Telescope wish-list – 8″

Beyond the starter sizes of astronomical telescopes, keen amateur astronomers usually yearn for something bigger.
The ‘something bigger’ often takes the form of the popular 200mm (8″) size.
At this size there is some shake-out of the options available, as the refractors are long and heavy, and price themselves out of the running except for enthusiasts with deep pockets.

On the other end of the scale, you can get a Newtonian 200mm, on a Dubsonian mount, for under £300, cheap enough to tempt the unwary beginner. The Dobsonian mount was designed to be cheap, light and portable, for mounting large Newtonians and taking them out to astromeets and dark-sky sites, and designed to be easy to make as a DIY project. It is not really intended for starter-scopes. No single-axis tracking, no slow motions, no powered drives and no Goto.

For a Newtonian mounted on a solid equatorial mounting with electric drives and Goto, you can triple the above price.
The advantages of a Newtonian are cheapness and (usually) a short focal ratio good for astro-photography. That’s it.
Disadvantages: needs frequent collimation checks, awkward eyepiece position, requires eyepieces designed for short-focus telescopes.

Further up the scale are the catadioptric telescopes, usually a SCT (Schmidt-Cassegrain Telescope) in this size range. These have a folded optical train and a corrector plate at the front, giving a compact tube and a convenient eyepiece position, with a long focal ratio. They do not require frequent checking or adjustment. With a Goto mounting, they cost from around £1300. Good for astro-photography and general viewing (except wide-field). If you want the very best, you can spend £10,000 on a superb and fully equipped catadioptric 8″ telescope and mounting. Not that many people do, other than university astronomers.

A Goto mount will allow you to rapidly find objects by their RA and declination, something that setting circles are supposed to do but actually don’t, except at an observatory. Also they can be hooked up to a laptop for sundry purposes including accessing observing lists from the Internet.
Norton’s Star Atlas and Goto firmware databases contain small lists, but download a full list of what double stars your telescope should be able to resolve, and you’ll be gobsmacked.

Astronomy bits

I recently acquired some more astronomy hardware. First, a Helios 200p OTA (or in plain English, a large Newtonian reflector without mounting). I hoped that this would provide some extra power for looking at planets in particular, as well as making use of my under-employed EQ-5 mount with electric RA drive. The OTA was very cheap, a fraction of the cost of a new one.
I also got two premium quality eyepieces, a Baader Classic Ortho of 10mm and a Celestron X-Cel of 8mm focal length. I got the X-Cel cheap on Ebay- they retail for around £70.
Last night I managed to test the new eyepieces in my 127 Maksutov telescope. Both are an obvious improvement on the 9mm stock eyepiece that came with the Celestron Mak. The 9mm struggled to split Epsilon Lyrae 1 or2 (not a severe test for this scope) while the other two split this double-double easily, showing round dots with diffraction rings.

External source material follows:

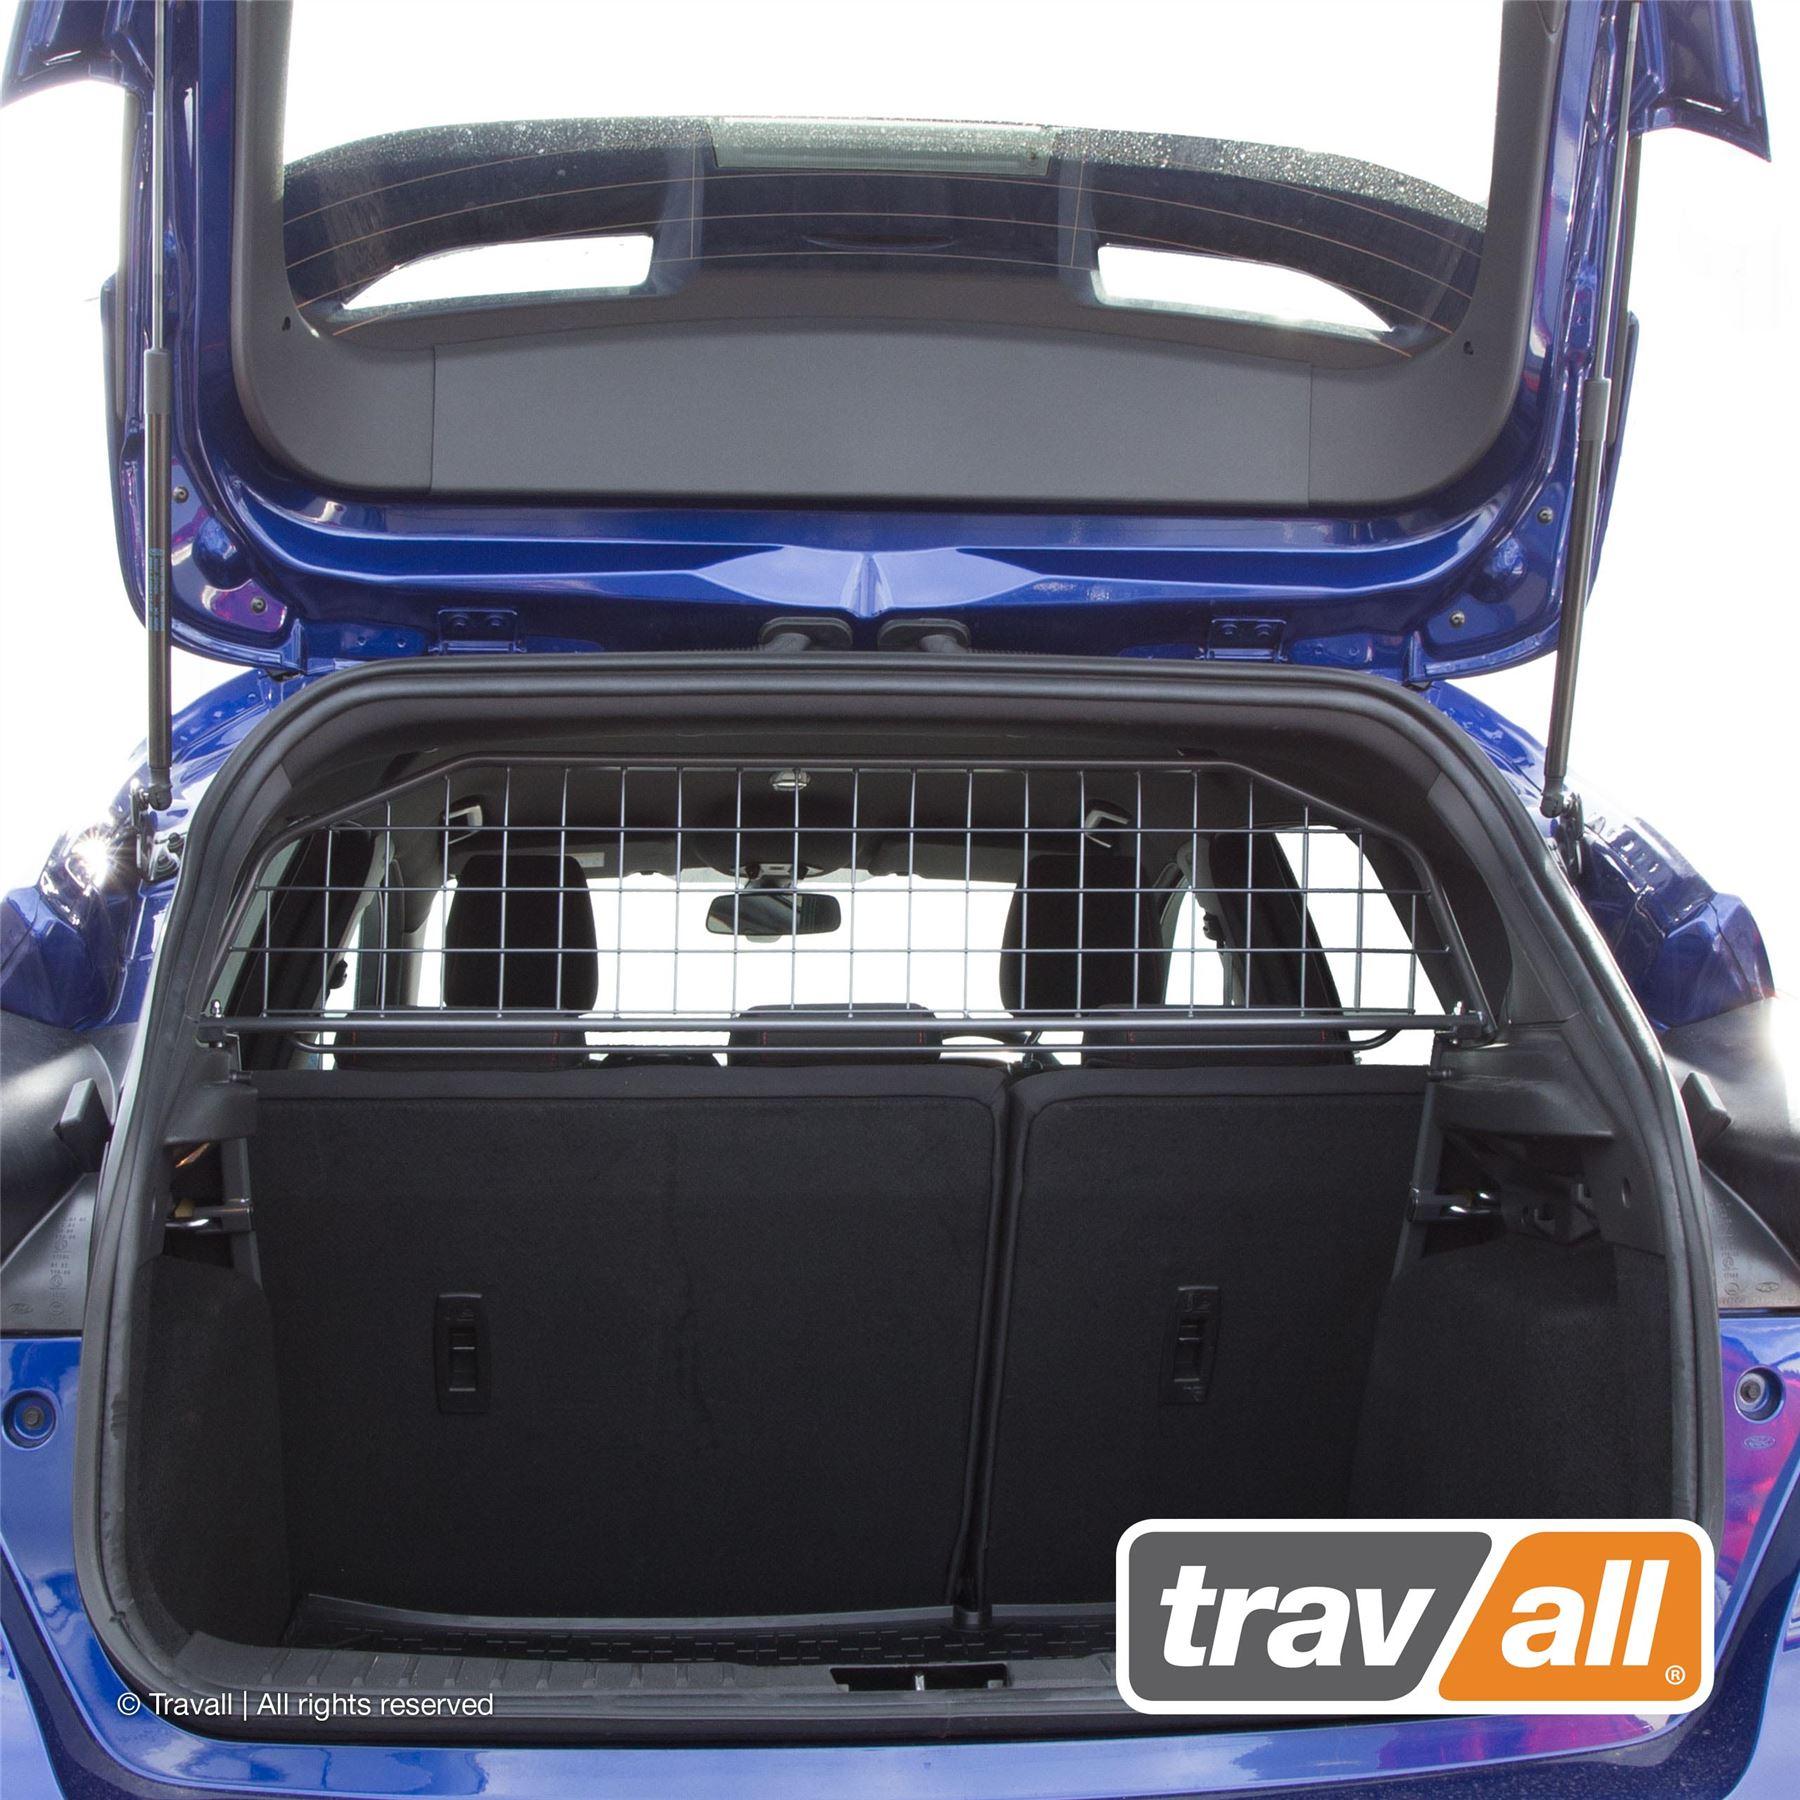 Details About Ford Focus 5 Door Hatchback Dog Guard 2010 18 Travall Guard Tdg1302

I am still working up the Helios, having so far tried it on the EQ-5 mount three times. I have adjusted the collimation, given it a spare red-dot finder (only good for finding very bright objects, unfortunately) and checked that it works with various eyepieces. I fitted a grab bar across the tube rings so that I could handle the scope safely. With the tripod legs fully extended, the eyepiece proved to be too high to reach when the telescope was aimed at the zenith. At 9Kg this is the heaviest scope one can put on an EQ-5 without exceeding the maximum recommended loading. It seems stable enough for visual use.
The Helios has a f5 focal ratio, like almost all the larger Newtonians for sale today. This f-ratio is not really well suited for visual work, but makes the scope shorter, lighter, and easier to mount. In this case, making the tube any longer would bump up the mounting requirements to a stronger, heavier and more expensive mounting.

The Helios seems much less user-friendly than my 127mm Mak go-to outfit, and I wonder what a beginner would make of it.